La liminalité prolongée : un deuil en suspens
La pièce s’appuie sur la notion anthropologique de « liminalité prolongée », ces situations où la mort a eu lieu mais où le rituel n’a pas suivi, laissant les proches dans un entre-deux émotionnel. Au Québec, toute personne ayant perdu un être cher en hiver connaît ce décalage forcé où le sol gelé retarde l’enterrement.
Dominitri et Anna-Plume évoluent dans ce no man’s land affectif. L’un n’a pas grandi, l’autre a grandi trop vite. Le texte donne à voir ce flottement avec une justesse rare, sans pathos inutile. La mise en scène, centrée sur la fratrie, accentue cette tension : les échanges sont crus, parfois violents, mais habitée d’une tendresse maladroite. La pièce montre bien comment on peut être blessé par les mêmes événements, mais à des endroits différents.

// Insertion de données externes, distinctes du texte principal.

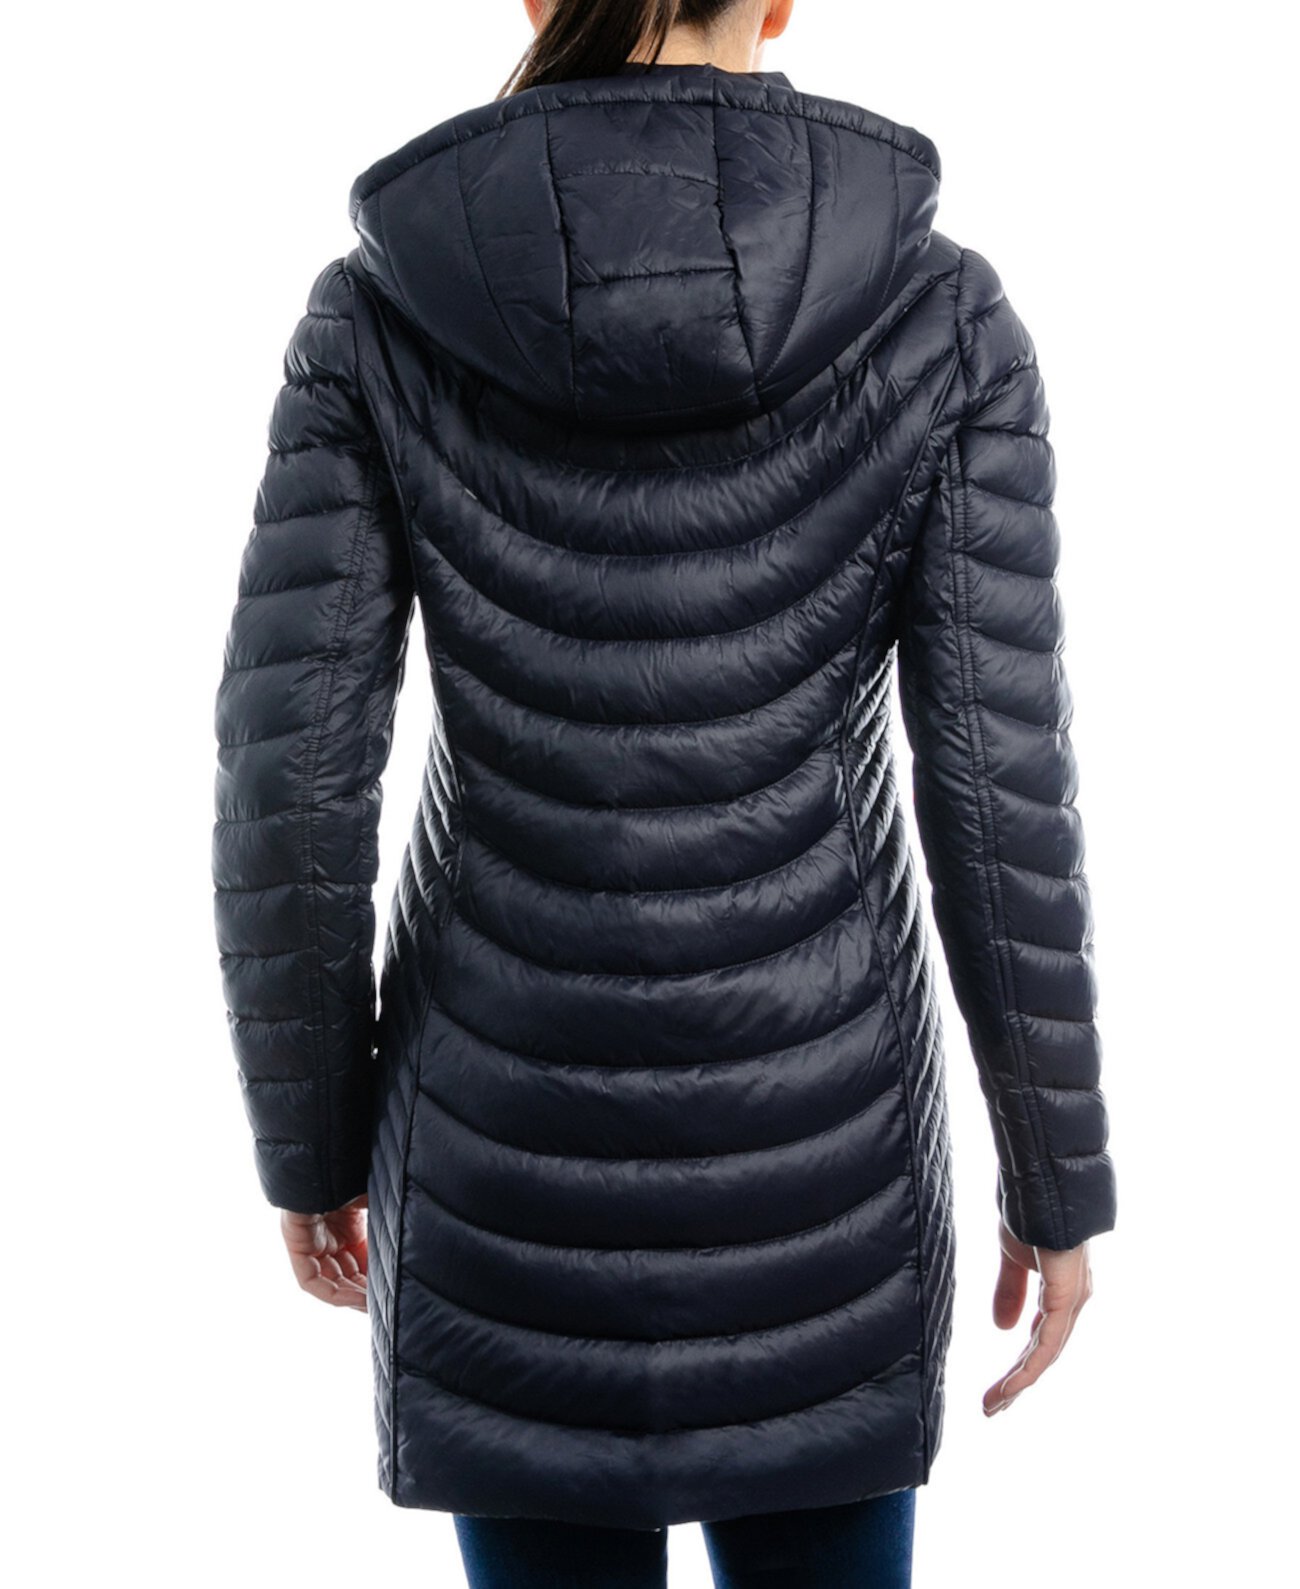 Женское компактное пуховое пальто с капюшоном Petite, созданное для Macy's Michael Kors

Les marionnettes, passeuses entre les mondes
Parmi les réussites du spectacle, les marionnettes occupent une place majeure. La petite marionnette de la fillette d’Anna-Plume et celle du jackalope ne sont pas de simples accessoires : elles agissent comme des médiateurs dans le réalisme magique de la pièce. Elles donnent un corps à ce qui ne peut pas être formulé autrement.
Le jackalope, créature imaginaire, fait le lien entre la mère disparue, la forêt mythique et le traumatisme immobilisé. La marionnette de l’enfant rappelle quant à elle la vulnérabilité qu’Anna-Plume a laissée derrière elle en devenant adulte trop tôt. Ces figures de bois condensent les peurs, les deuils tus, les mots impossibles. Elles permettent à l’émotion de circuler là où les humains peinent à trouver le courage de parler. Leur présence est l’un des plus beaux dispositifs dramatiques du spectacle.
Une scénographie de l’errance
La scénographie de Youri White, rehaussée par les éclairages délicats de Charlyne Roux, propose un décor forestier d’une grande poésie. Les sièges de voiture, éclatés aux quatre coins de la scène et montés sur roulettes, traduisent physiquement l’errance du duo : rapprochements, éloignements, courses circulaires.
La musique en direct, signée Emmanuel Eustache et Pascal Larose-Picher, constitue un véritable fil d’Ariane émotionnel. Piano, flûte, violoncelle et textures sonores créent un paysage intérieur mouvant qui accompagne la progression des personnages. Héritages haïtiens, québécois et américains se mêlent dans une trame sonore qui agit comme un rite en soi.
Des hamsters dans le frigo réussit à faire tenir ensemble l’humour, l’absurde et la blessure. La pièce ouvre un espace rare : celui où raconter la mort revient à apaiser les vivants. Une proposition sensible, inventive et profondément humaine, qui rappelle qu’il n’est jamais trop tard pour dire adieu, et que parfois, il faut un jackalope sur une route forestière pour nous y décider.